---------- Records for the task ----------

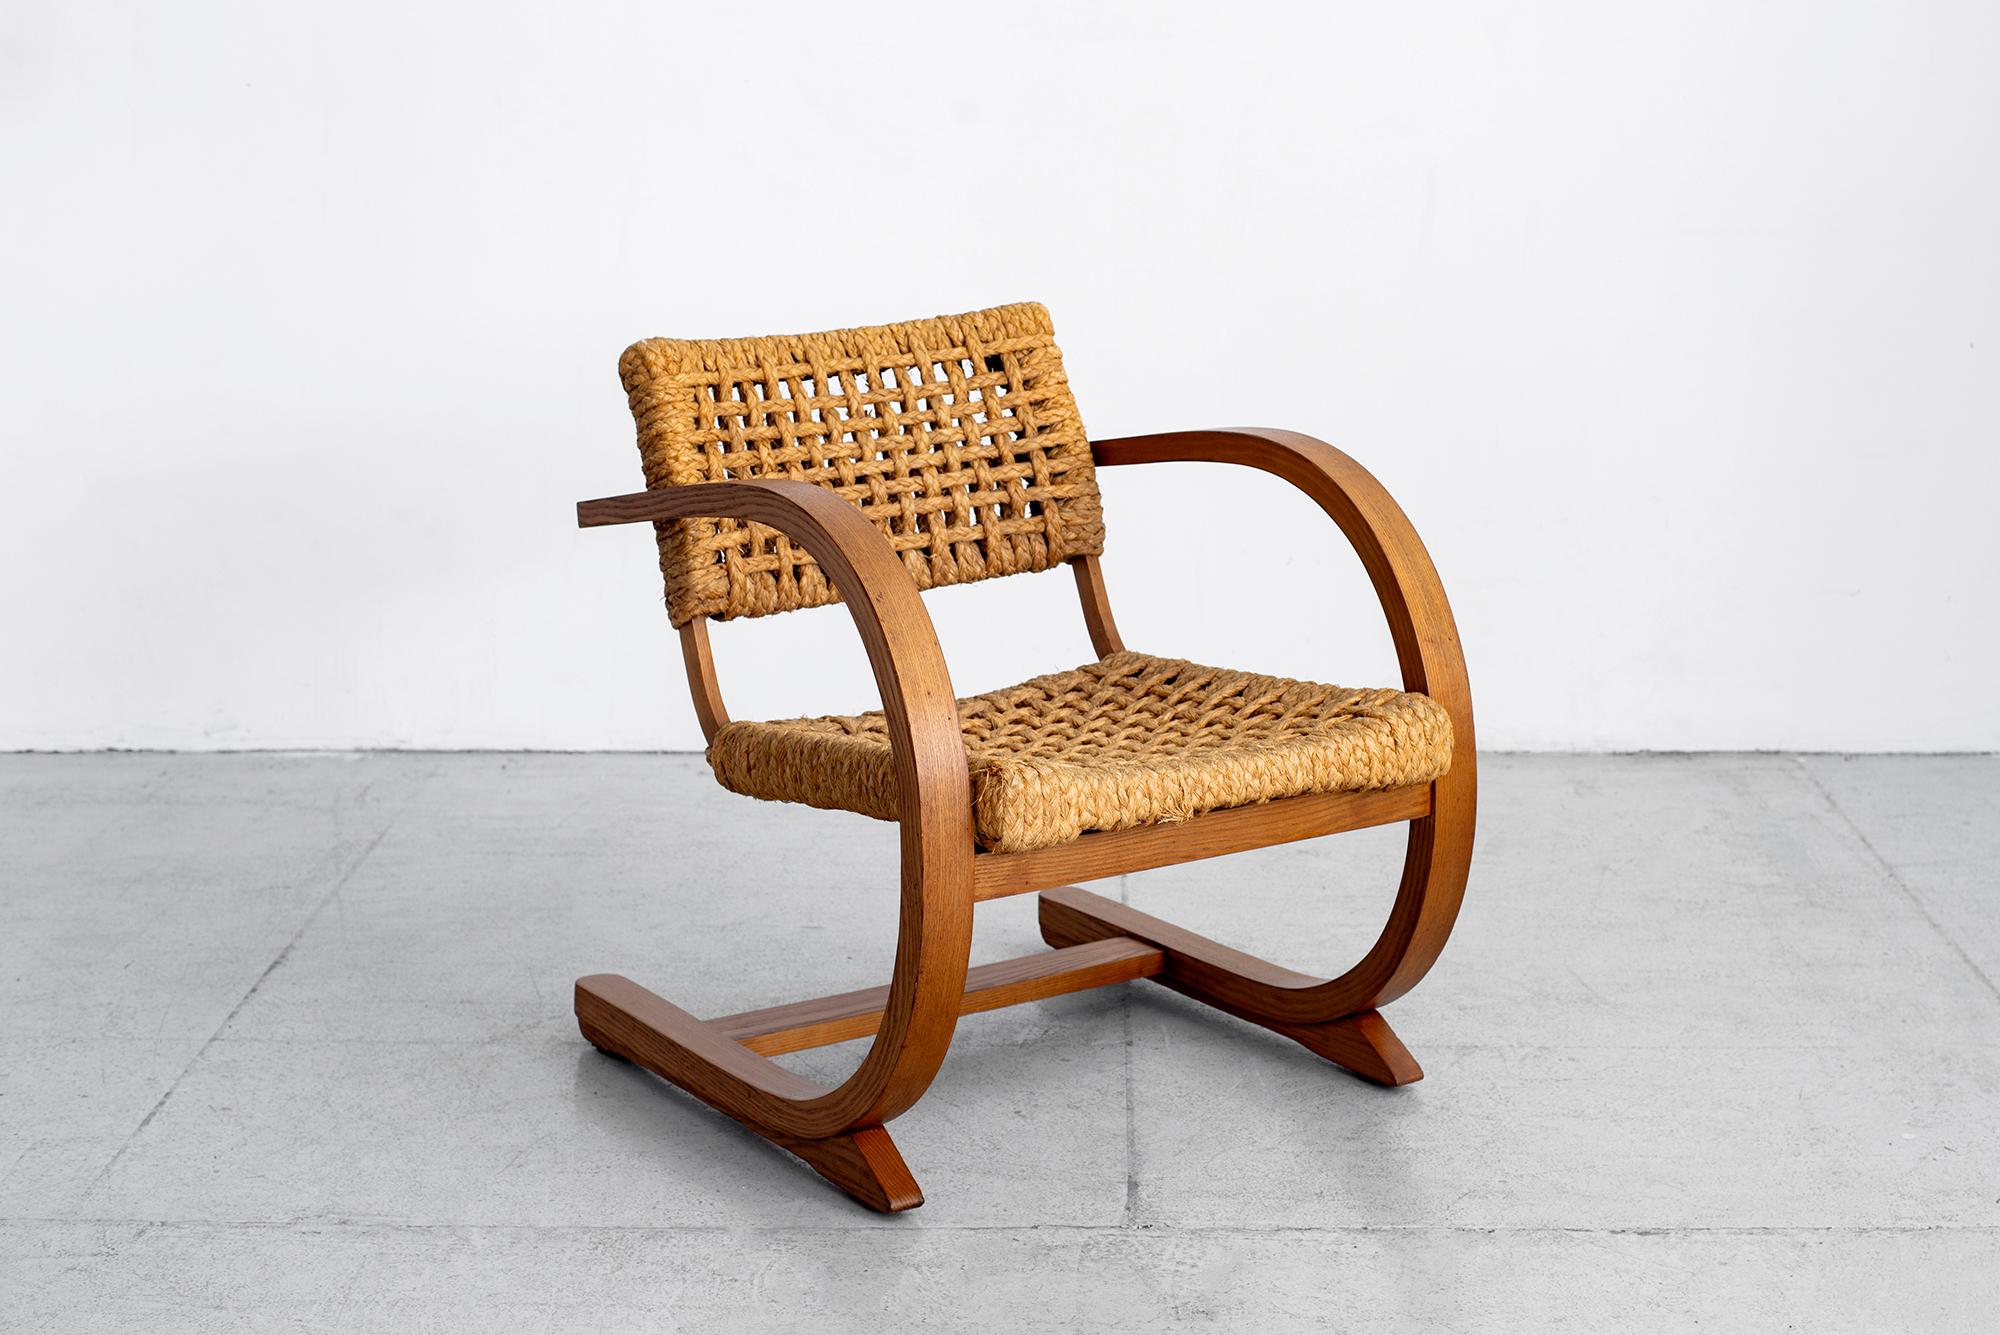 1940s single chair by Paris designer - Adrien Audoux & Frida Minet.
Classic modern French design with rope seats and backs
French oakwood arms with fantastic patina.
   
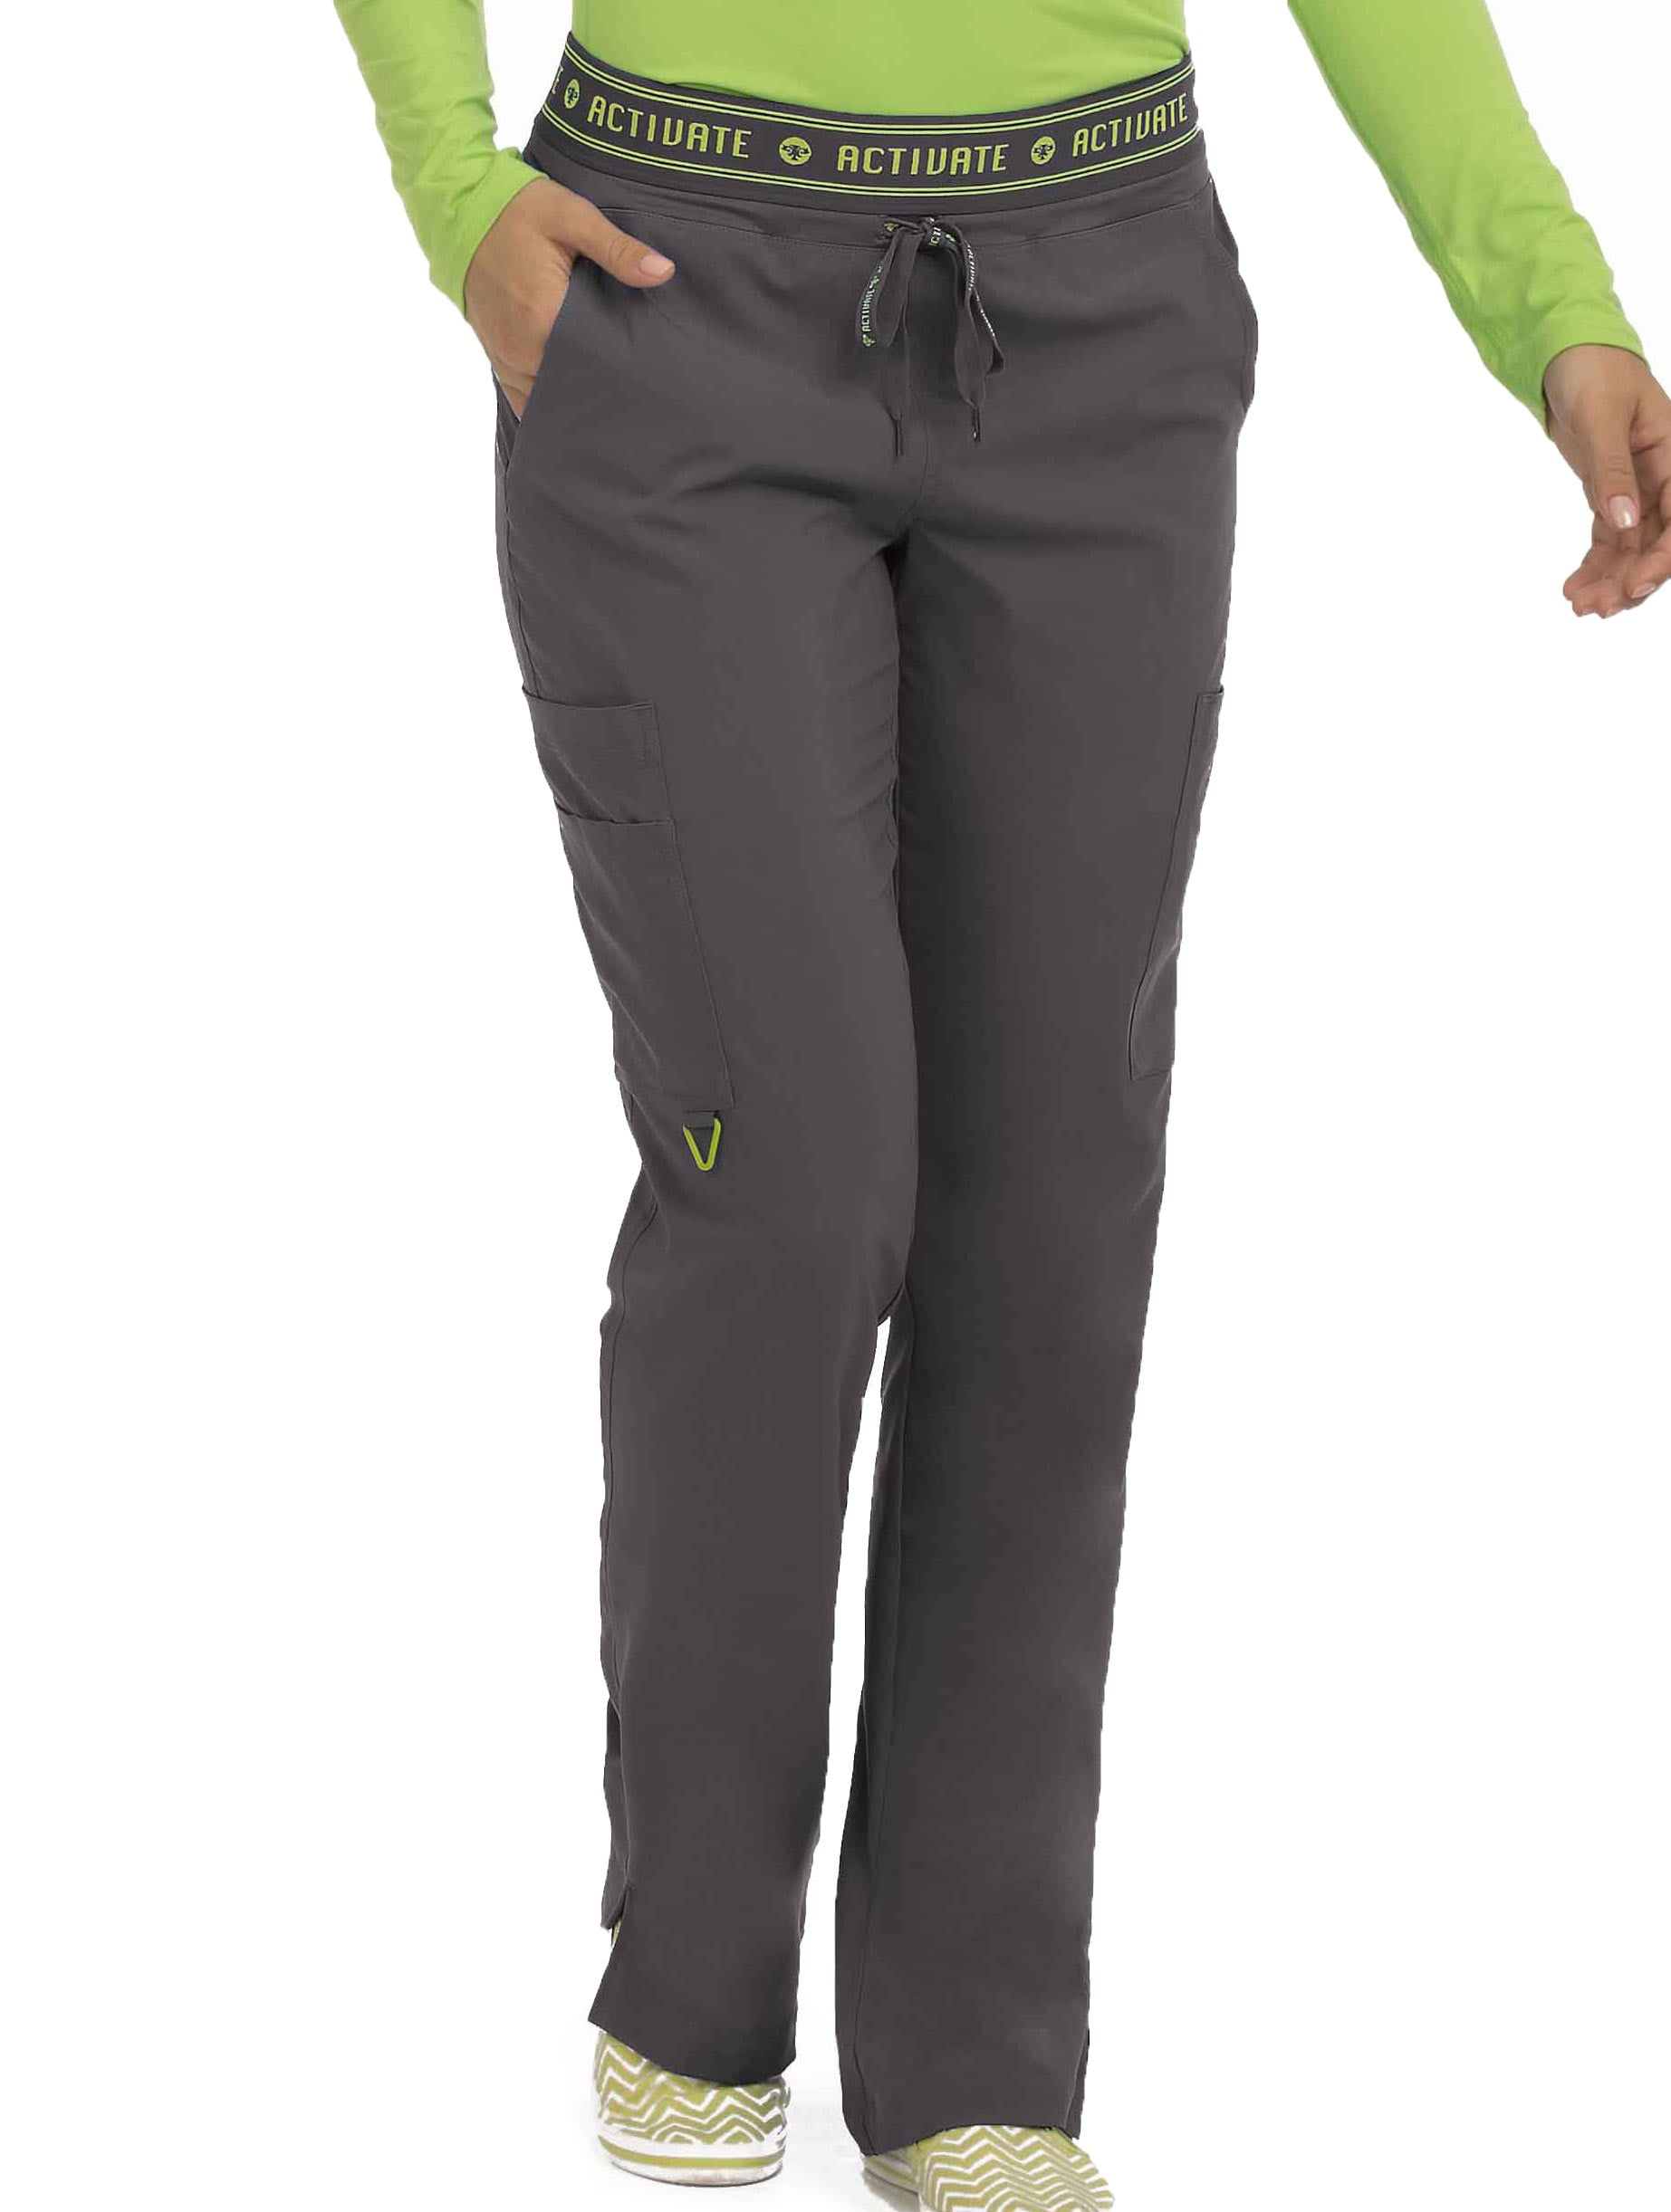 Med Couture Activate 8758 Flowy Scrub Pants, 51% OFF
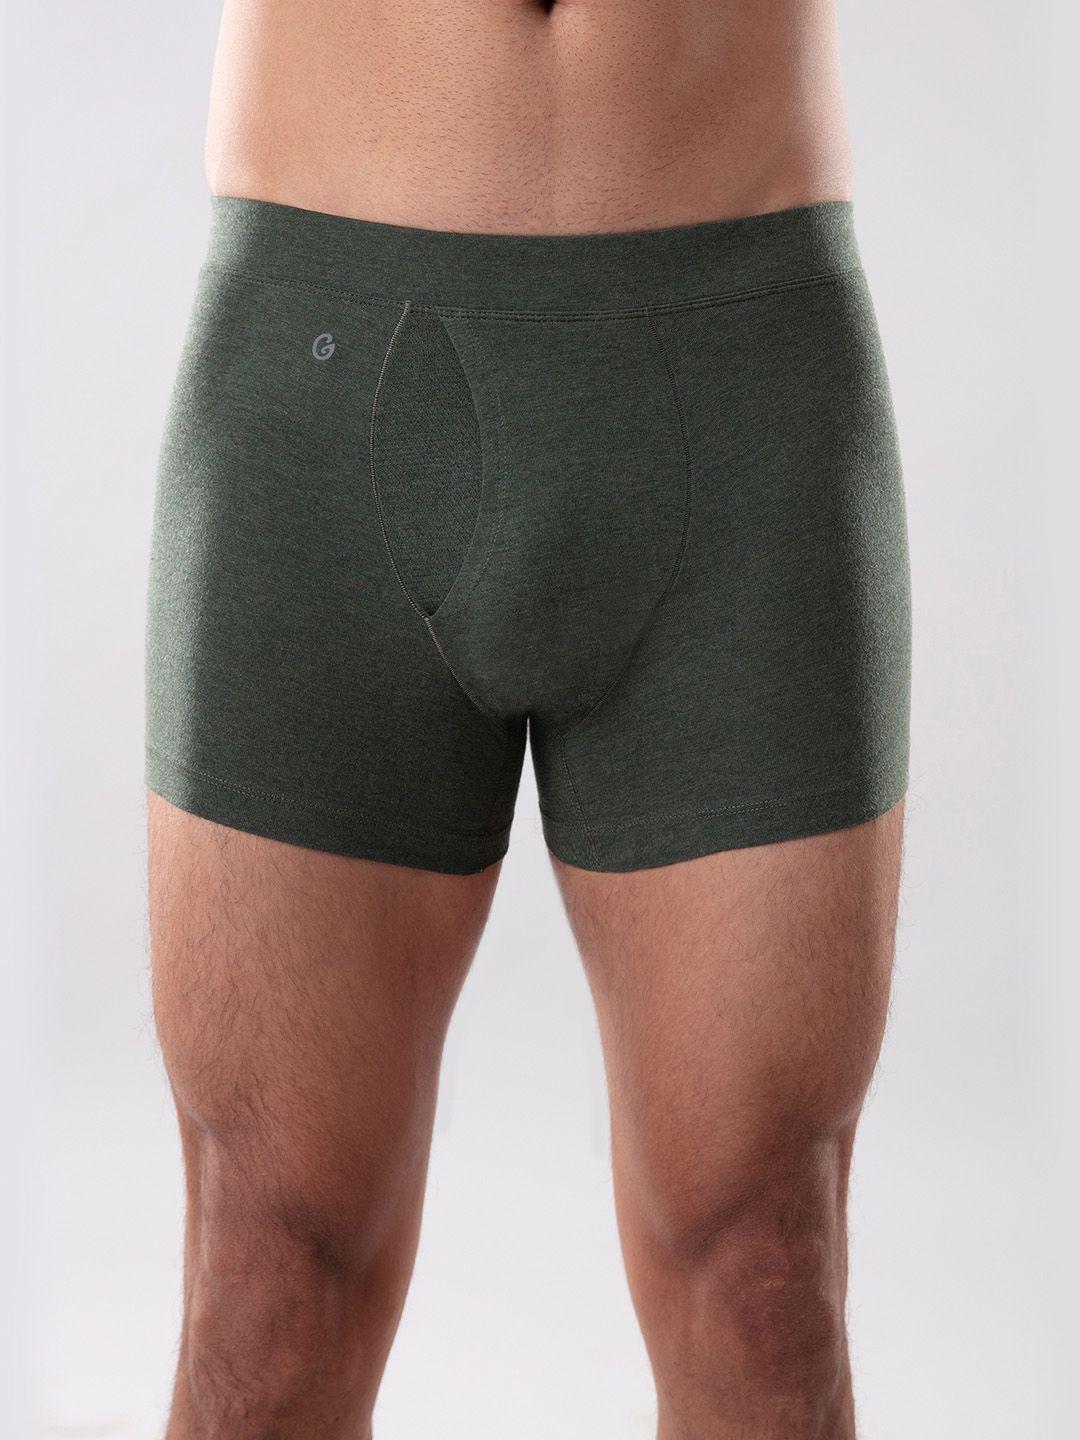 gloot men olive green trunk with anti odor & cool mesh zones

----------

_To do_: Which of the lines above hold the string "French"? Copy each one.

_Exercise output_:
Classic modern French design with rope seats and backs
French oakwood arms with fantastic patina.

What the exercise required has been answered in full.